[Source information]
+---+

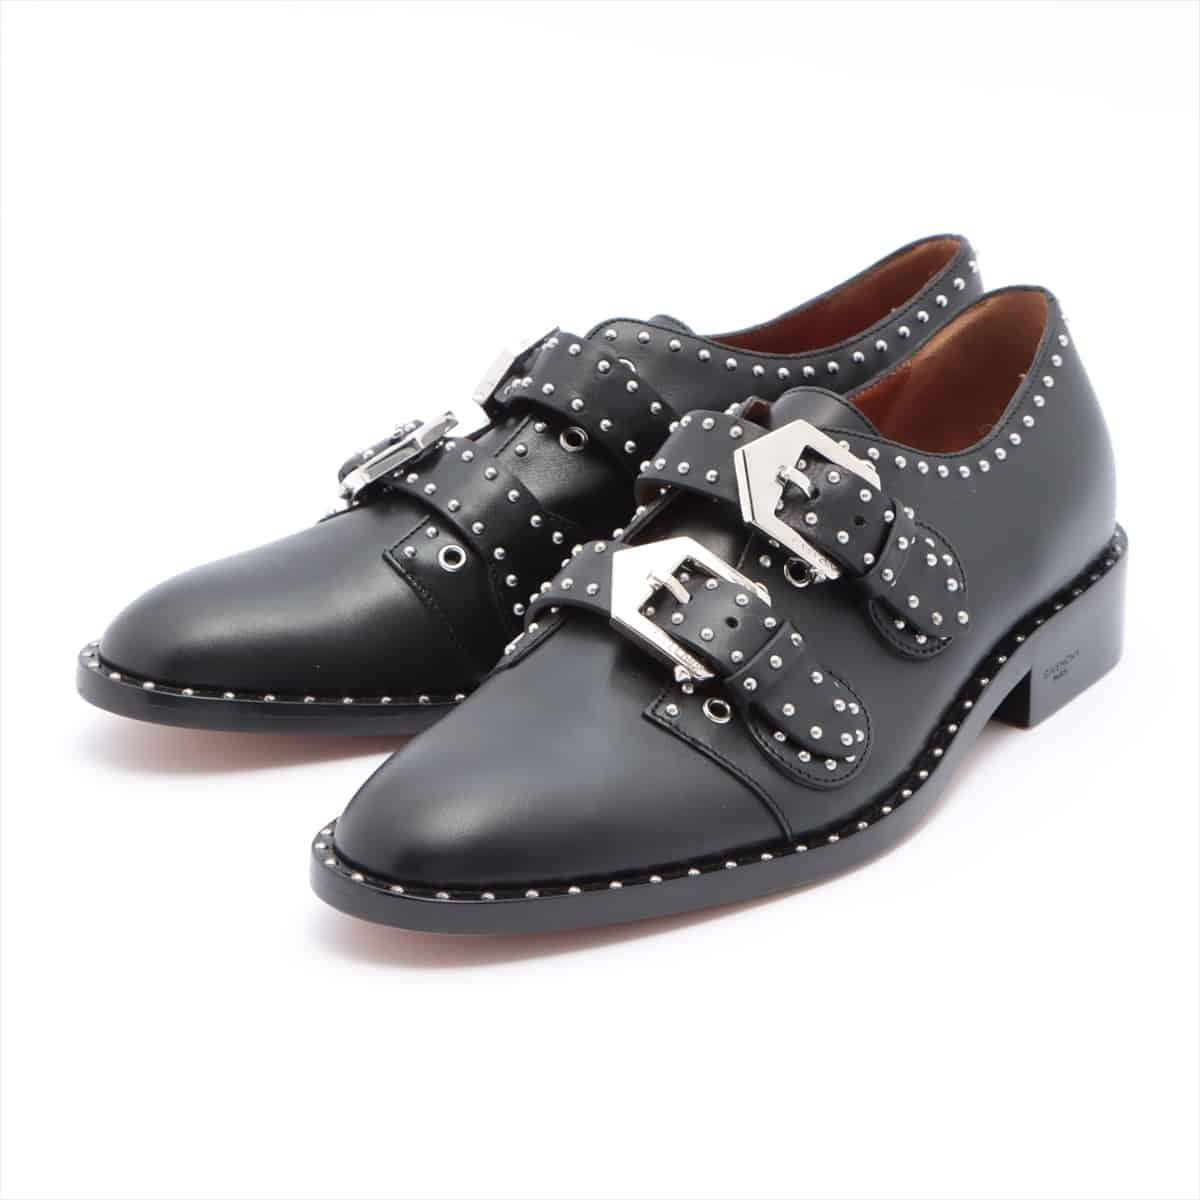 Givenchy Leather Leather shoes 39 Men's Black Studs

+---+

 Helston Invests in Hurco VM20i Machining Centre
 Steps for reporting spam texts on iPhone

+---+

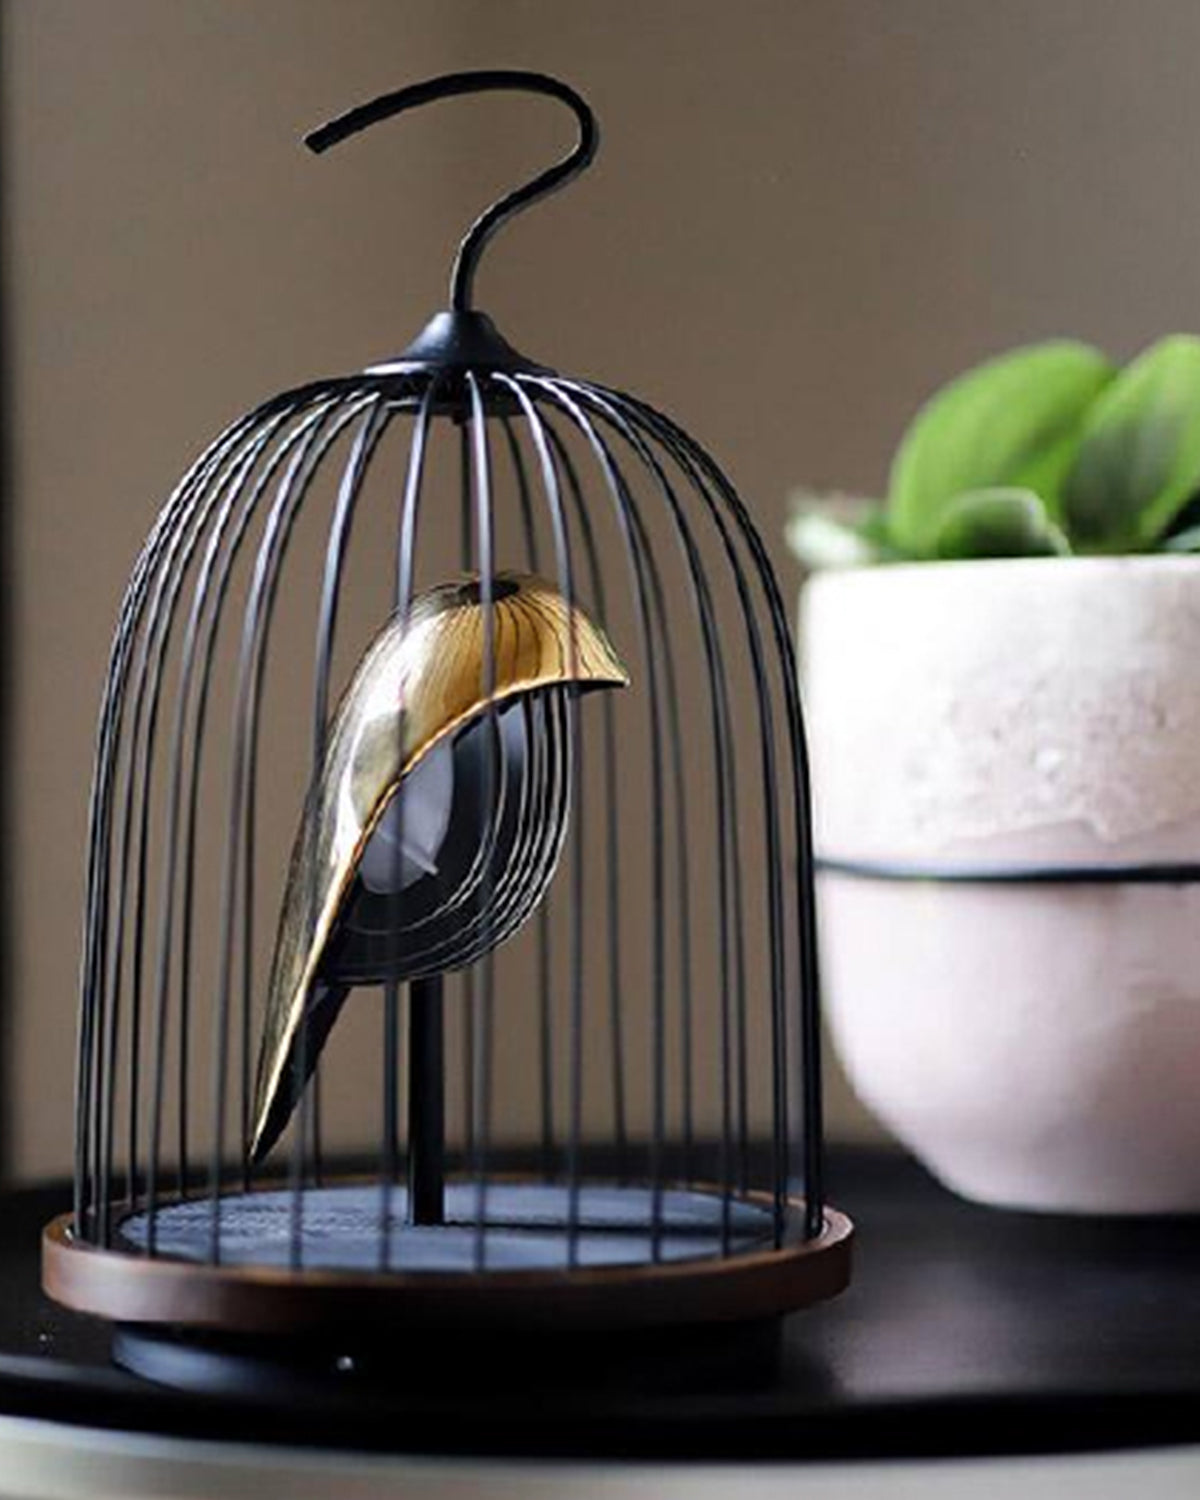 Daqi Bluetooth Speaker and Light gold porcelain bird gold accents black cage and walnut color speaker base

+---+

[Exercise] Among the entries above, find the line with "Helston Invests in" and the line with "Steps for reporting spam texts on iPhone"; give again exactly these two lines and all lines between them.

[Answer box]
 Helston Invests in Hurco VM20i Machining Centre
 Steps for reporting spam texts on iPhone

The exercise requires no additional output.